» **TASK STATEMENT**
Nothing but the text should be carried over: reproduce all the data exactly and leave out every image.

» **DATA SHOWN**
○ ○ ○ ○
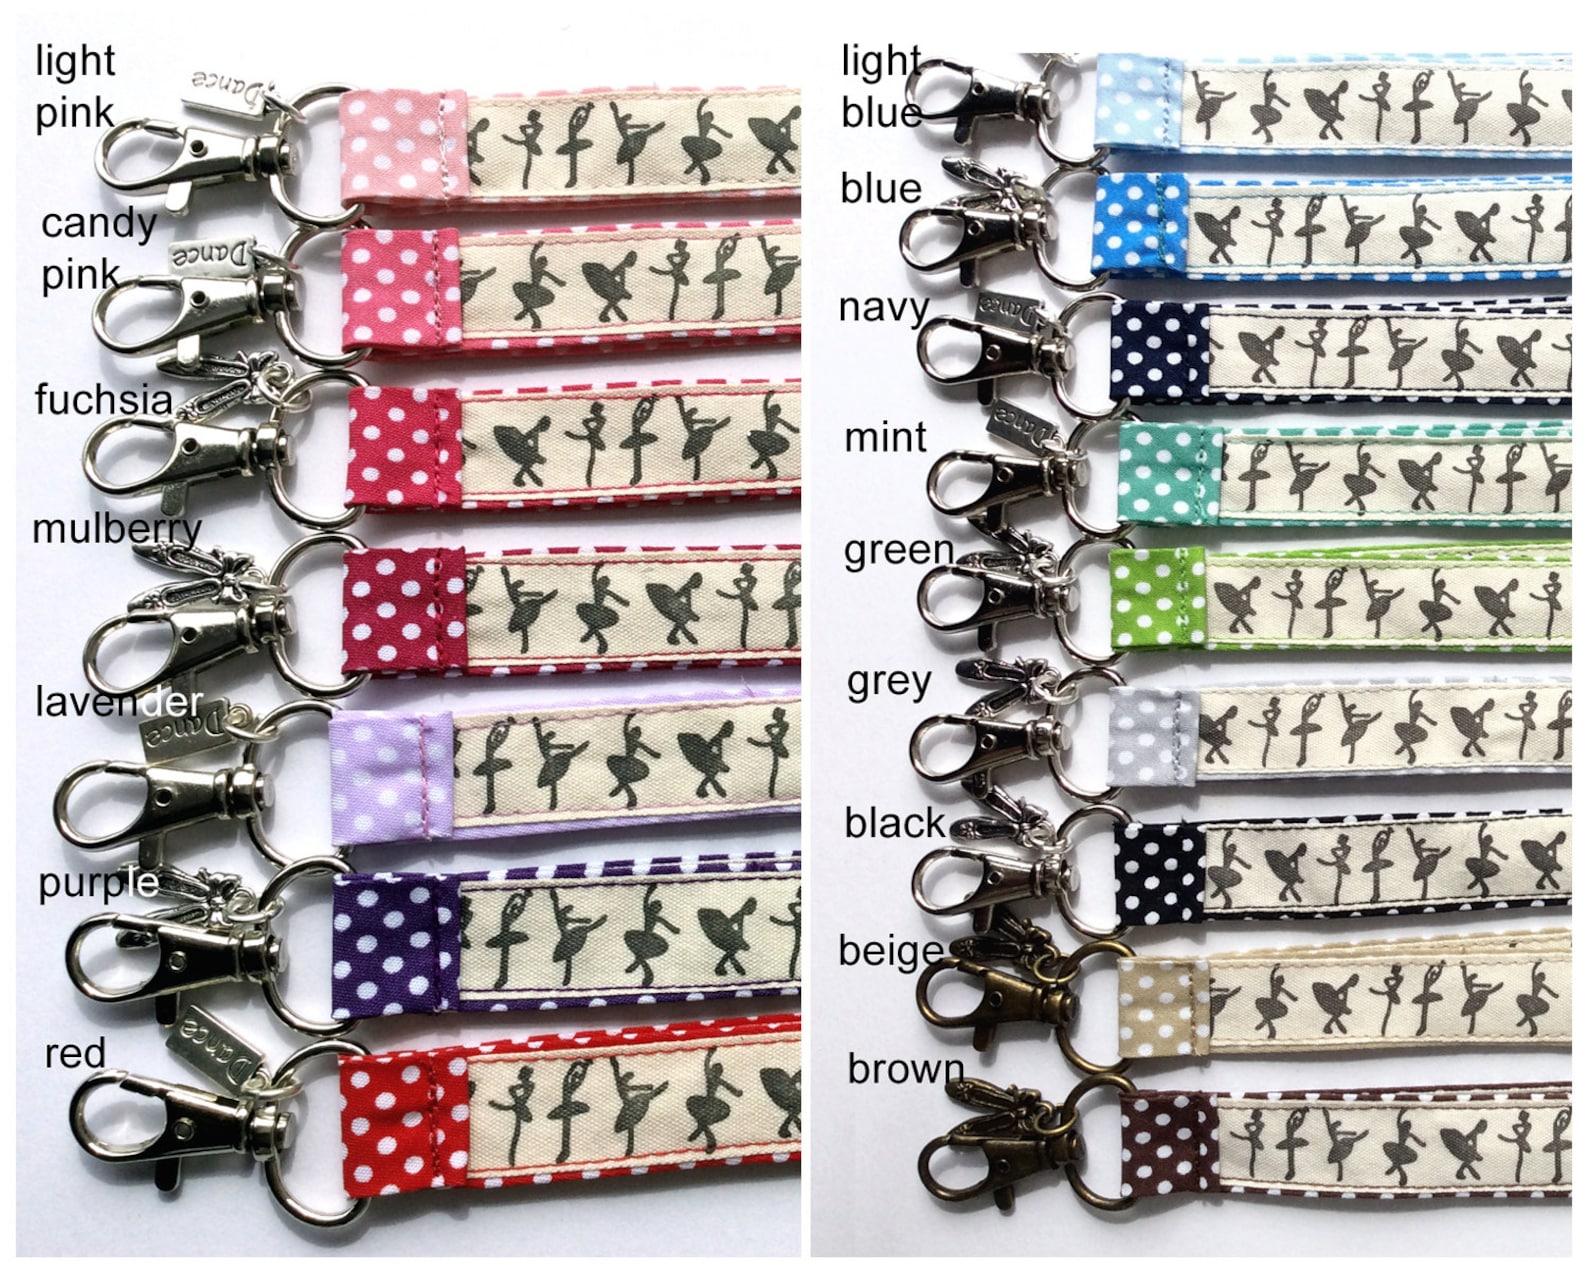 dance lanyard, ballet lanyard, ballerina lanyard, ballet keychain, dance key ring, id badge holder, dance gift, ballet gift
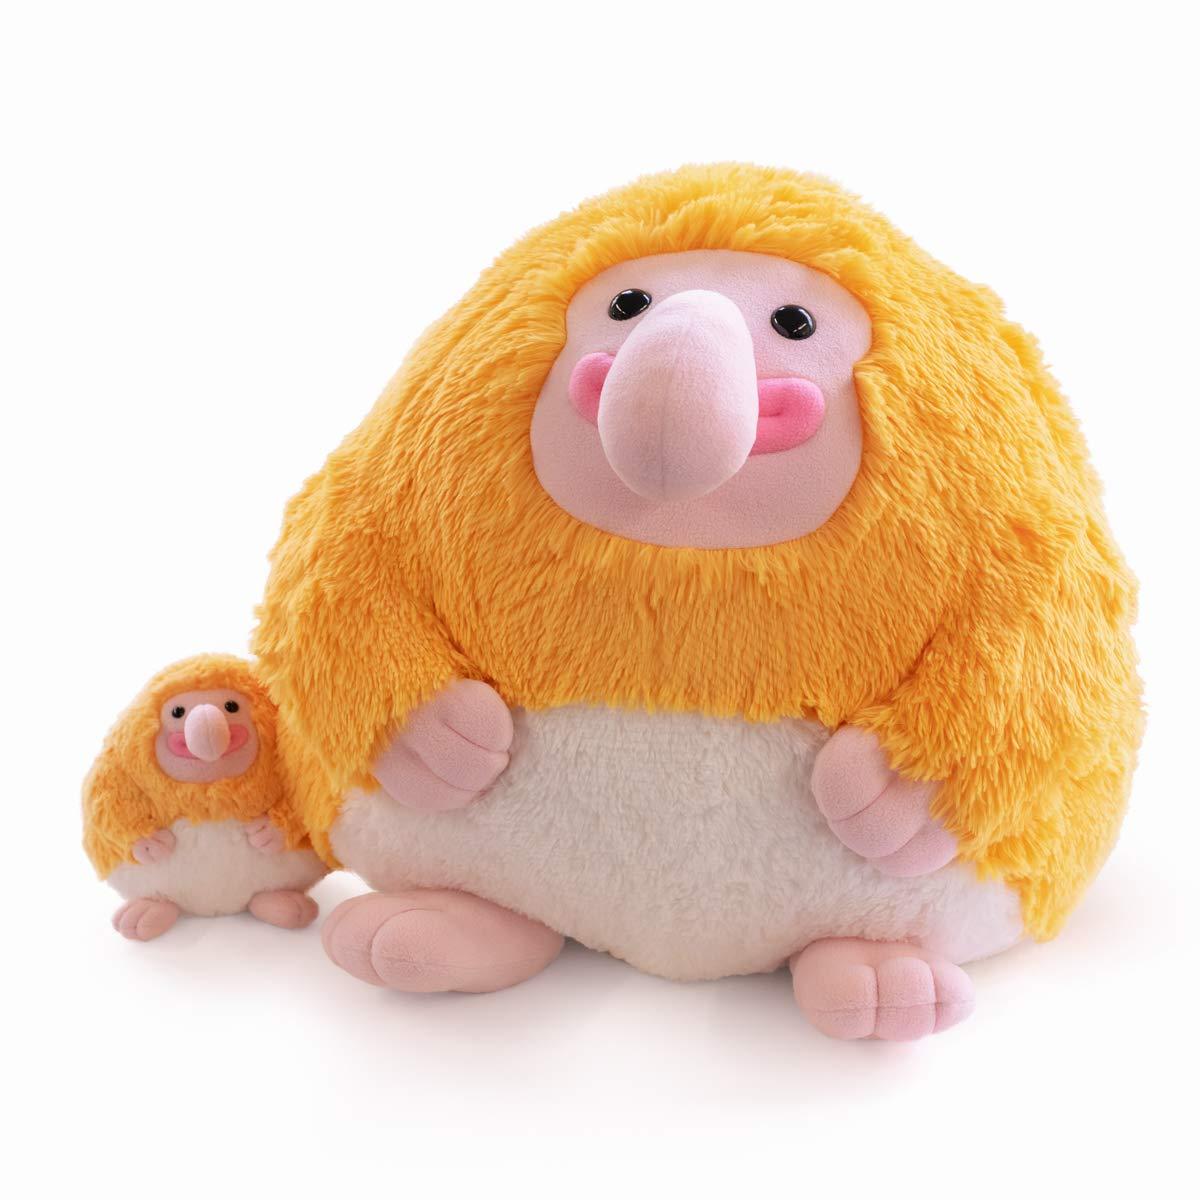 Hashtag Collectibles Colossal Proboscis Monkey Plush by Hashtag Collectibles
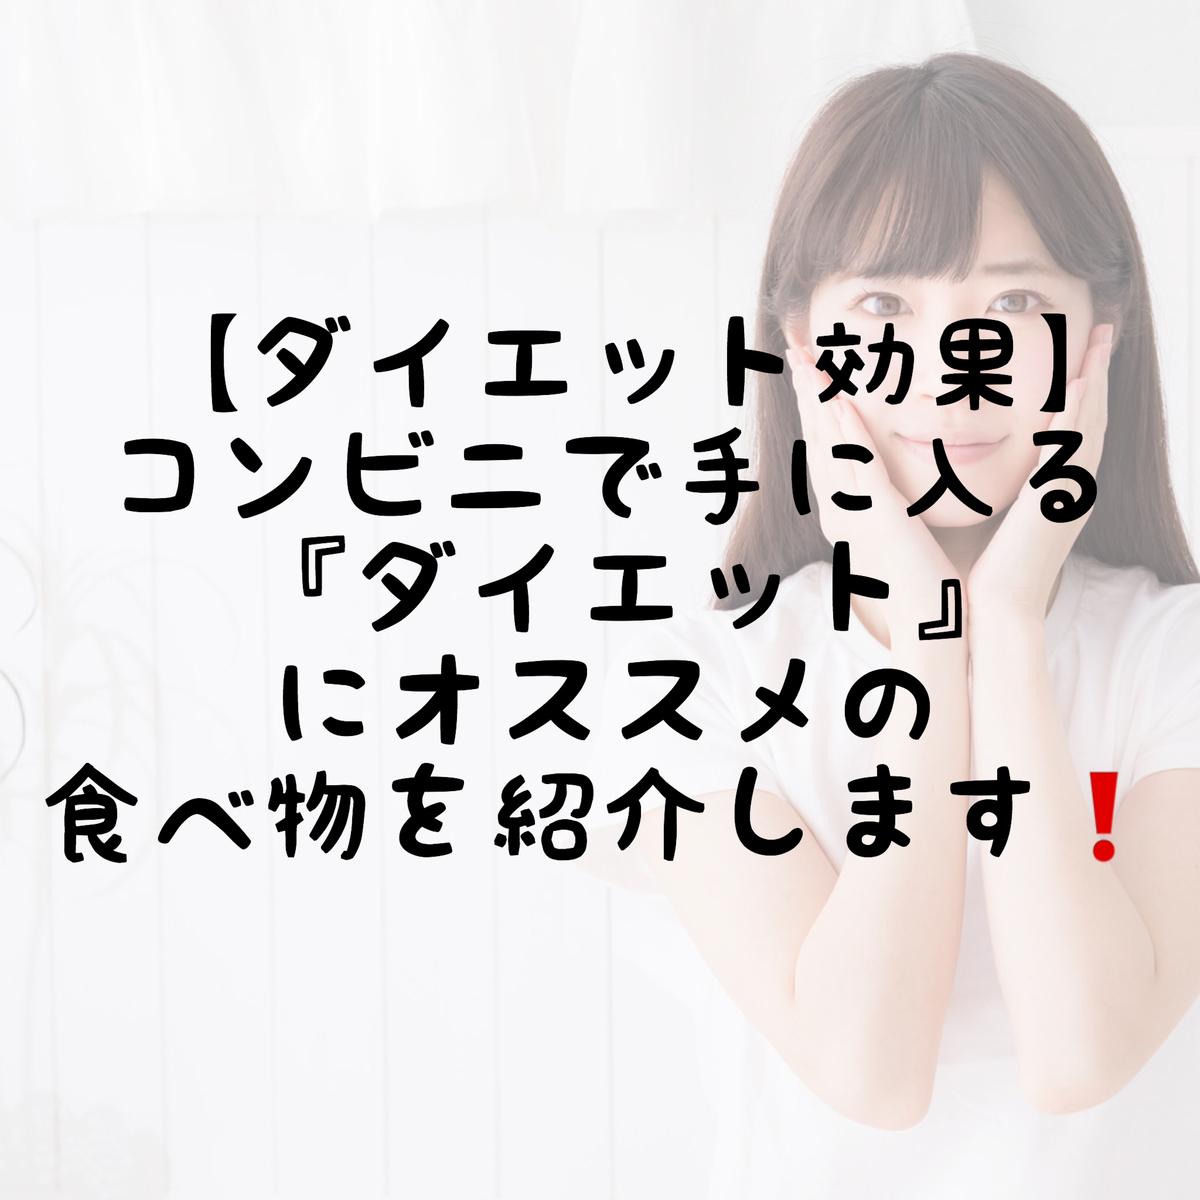 f:id:nokonoko_o:20200602150132j:plain
○ ○ ○ ○
» **RESULT OF THE TASK**
 dance lanyard, ballet lanyard, ballerina lanyard, ballet keychain, dance key ring, id badge holder, dance gift, ballet gift
 Hashtag Collectibles Colossal Proboscis Monkey Plush by Hashtag Collectibles
 f:id:nokonoko_o:20200602150132j:plain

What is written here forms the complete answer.